**Work request:** Reproduce the material below only from the line with "Queensgate Medical Centre" to the line with "7 Best Waist", both included, keeping each line exact and dropping the pictures.

**Material provided:**
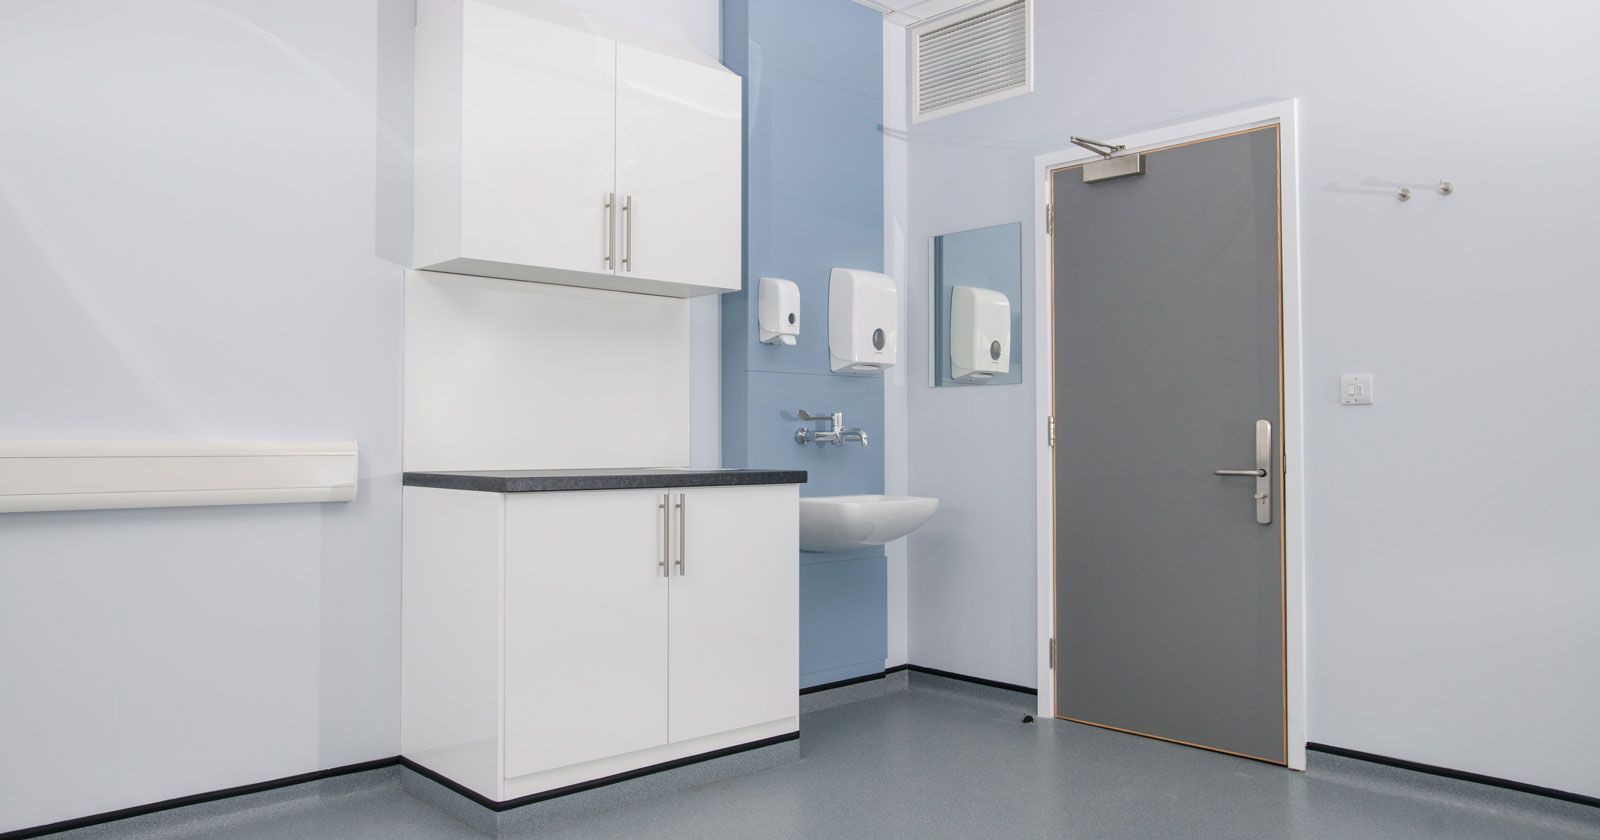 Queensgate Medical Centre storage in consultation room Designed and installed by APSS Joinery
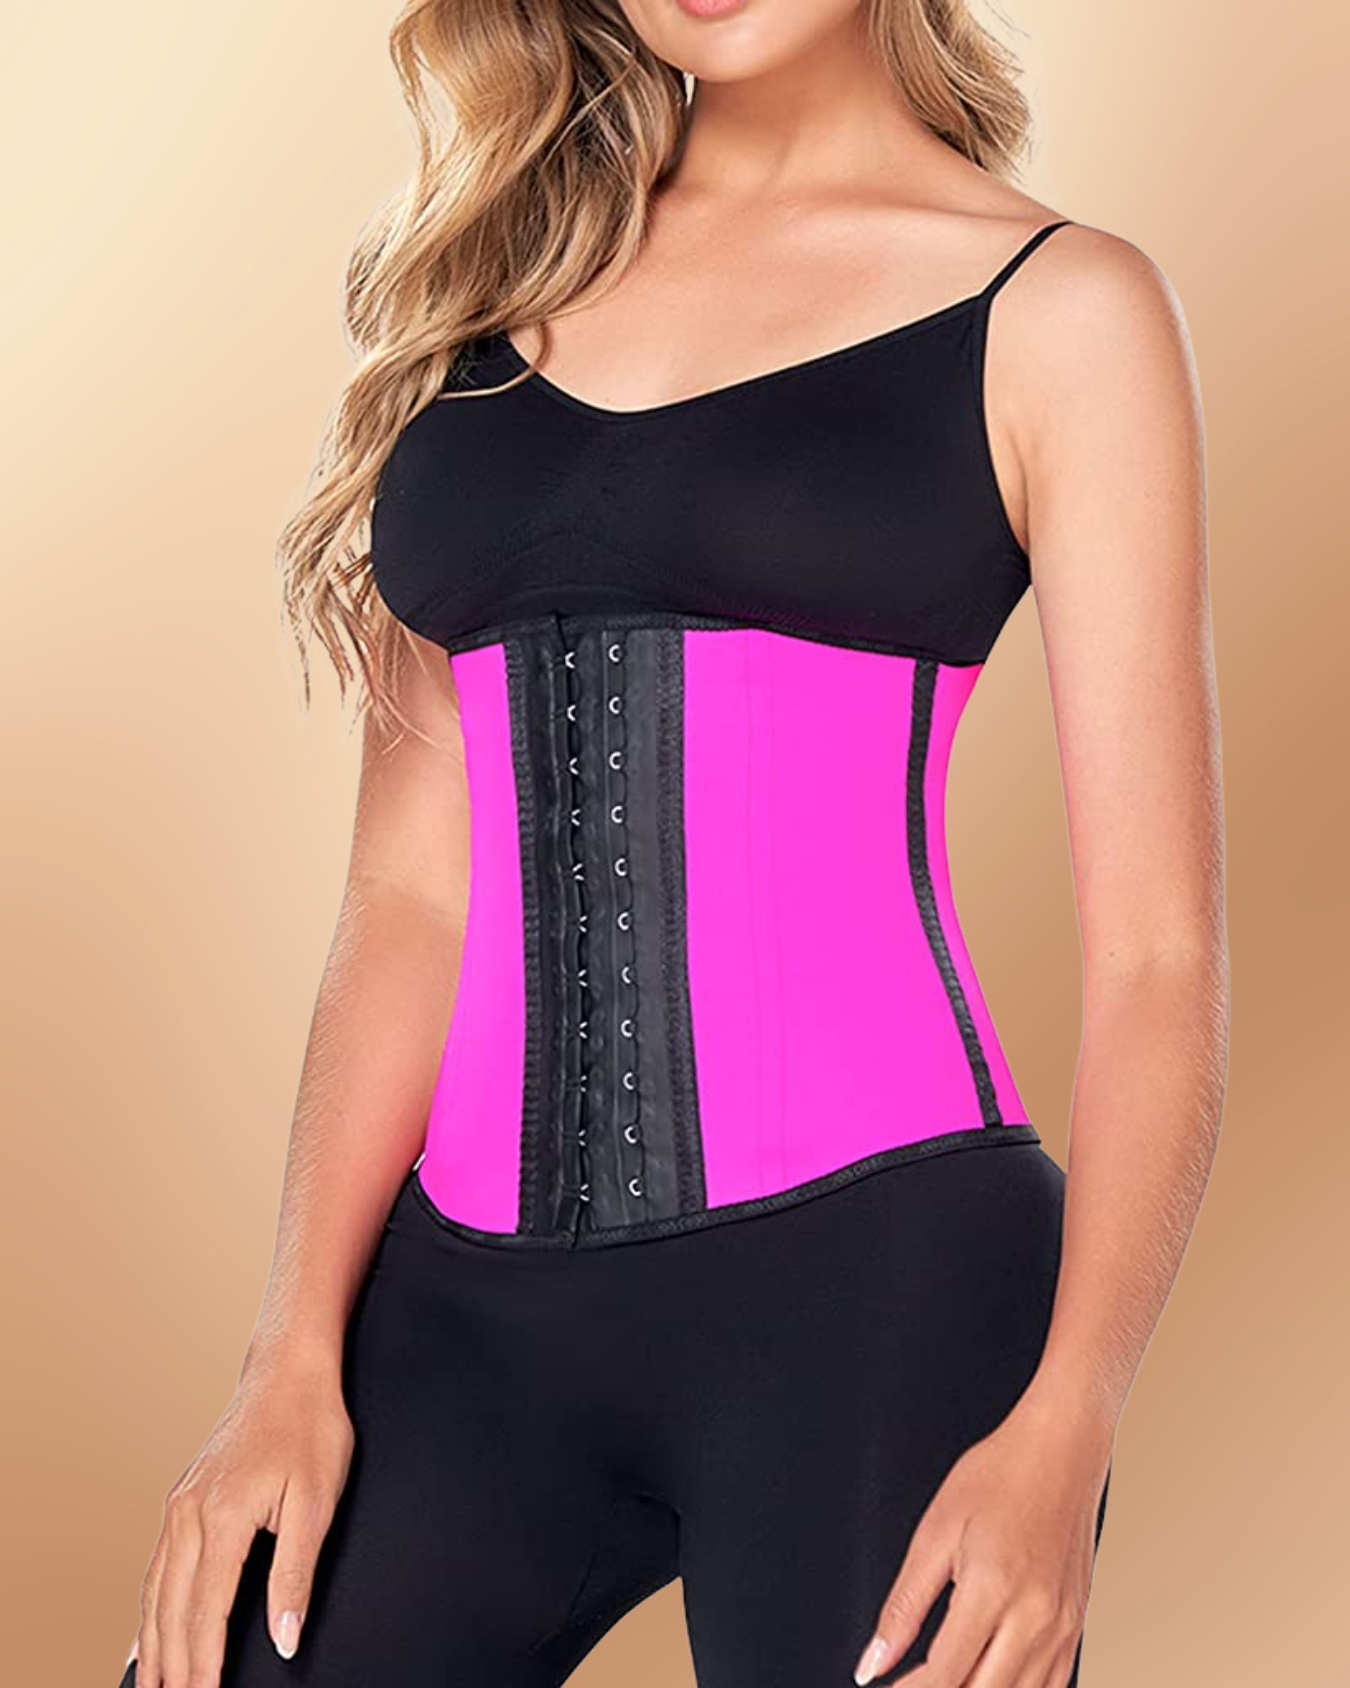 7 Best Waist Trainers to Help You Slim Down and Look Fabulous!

---

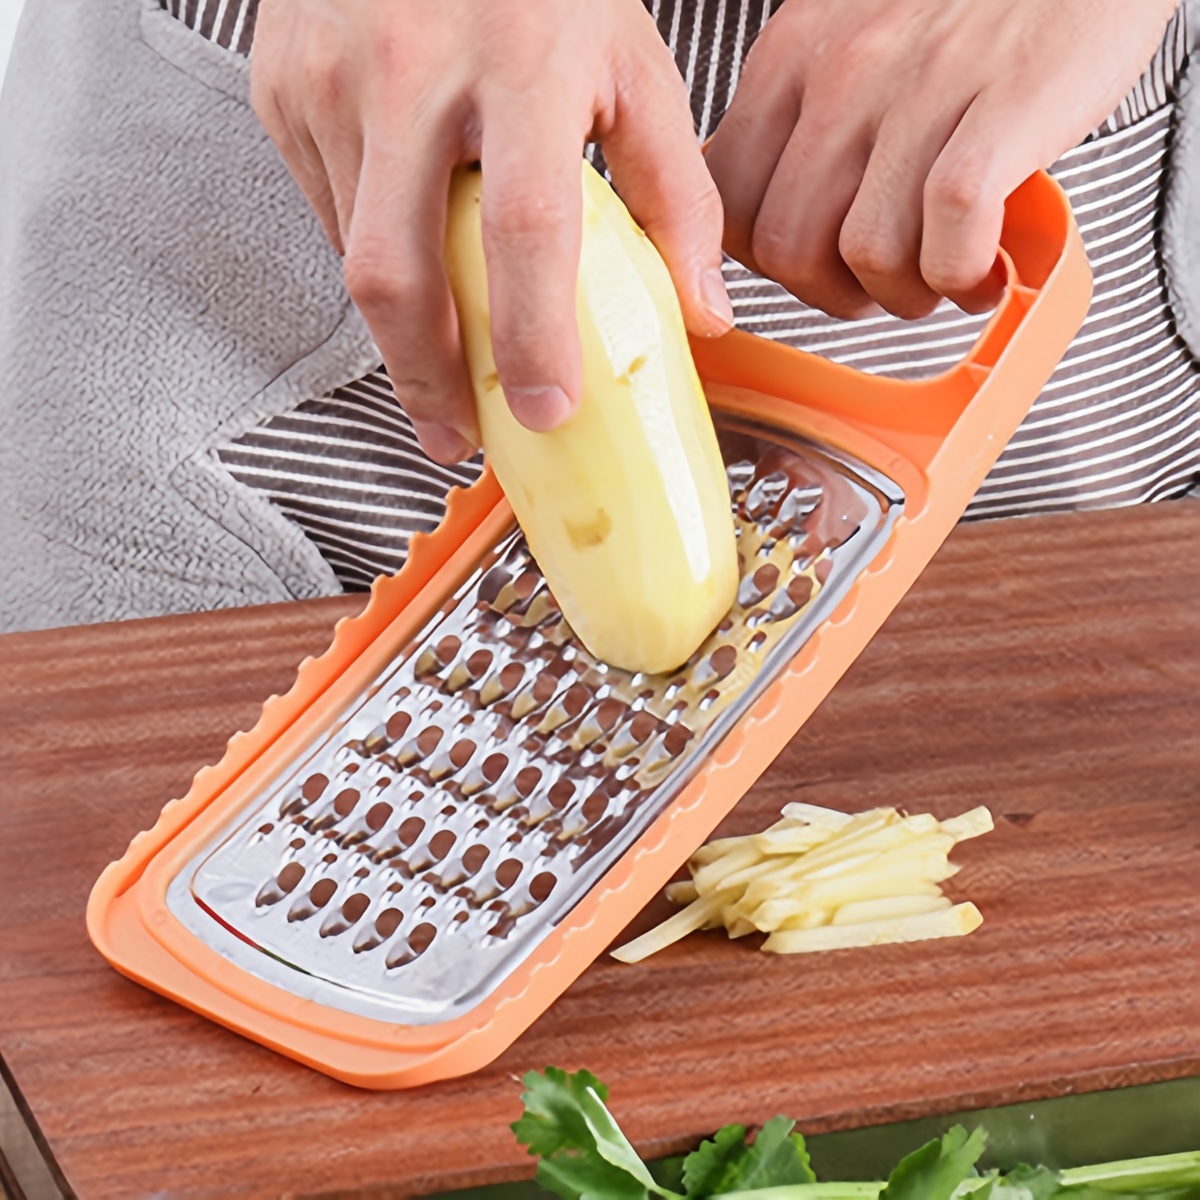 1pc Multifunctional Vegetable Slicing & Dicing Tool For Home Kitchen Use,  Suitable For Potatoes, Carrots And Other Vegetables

...

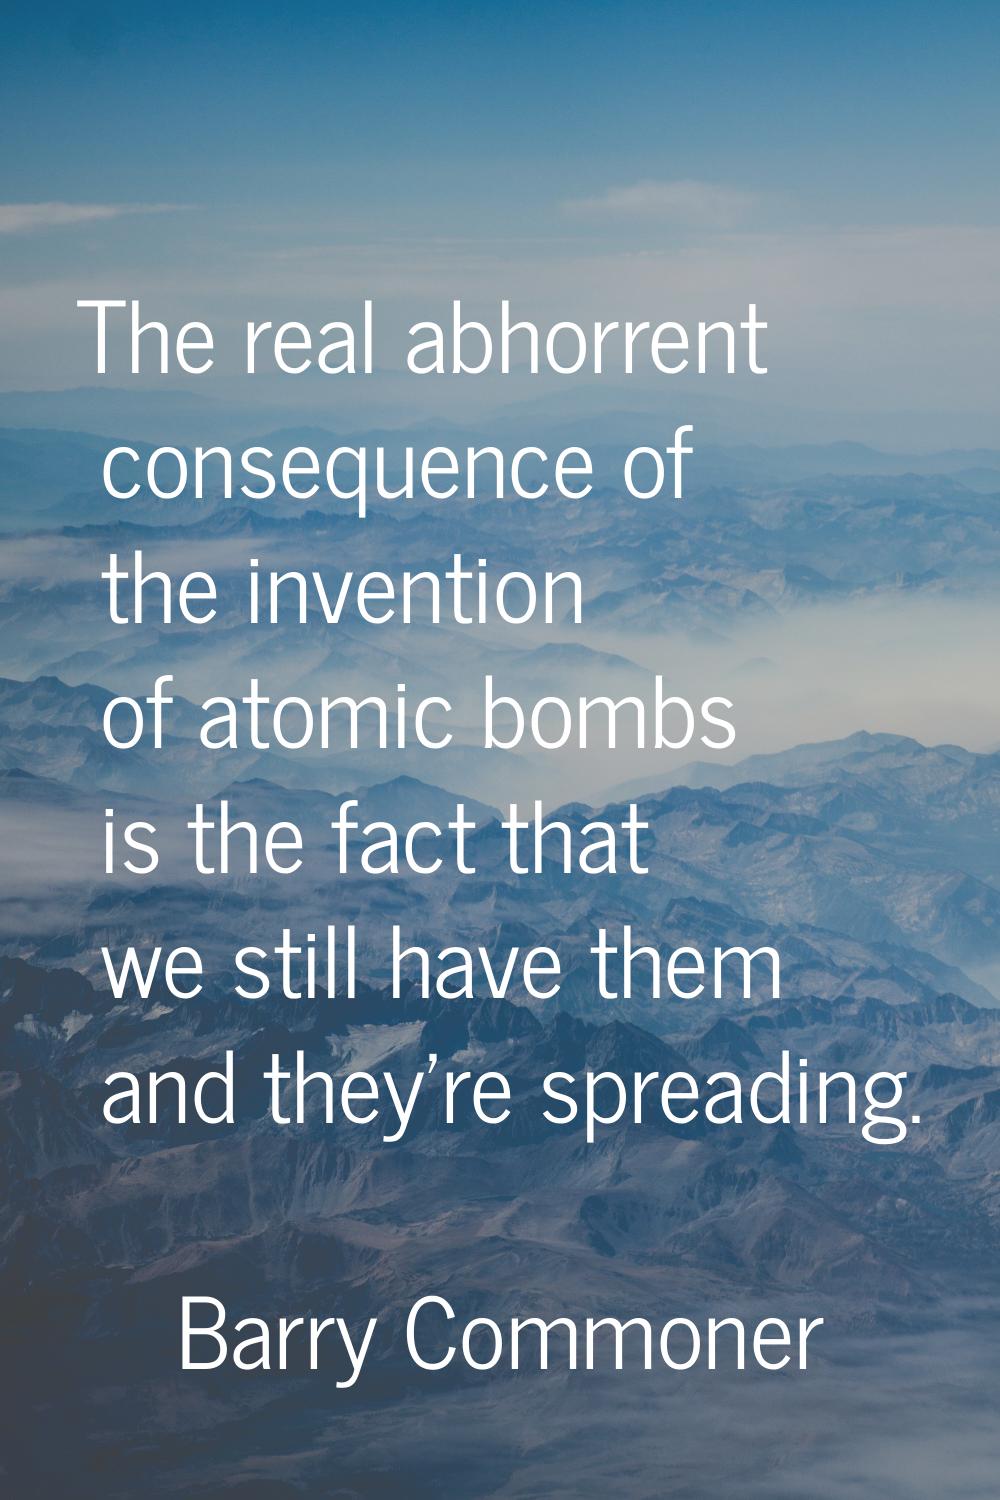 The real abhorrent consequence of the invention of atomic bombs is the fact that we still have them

**Your response:**
 Queensgate Medical Centre storage in consultation room Designed and installed by APSS Joinery
 7 Best Waist Trainers to Help You Slim Down and Look Fabulous!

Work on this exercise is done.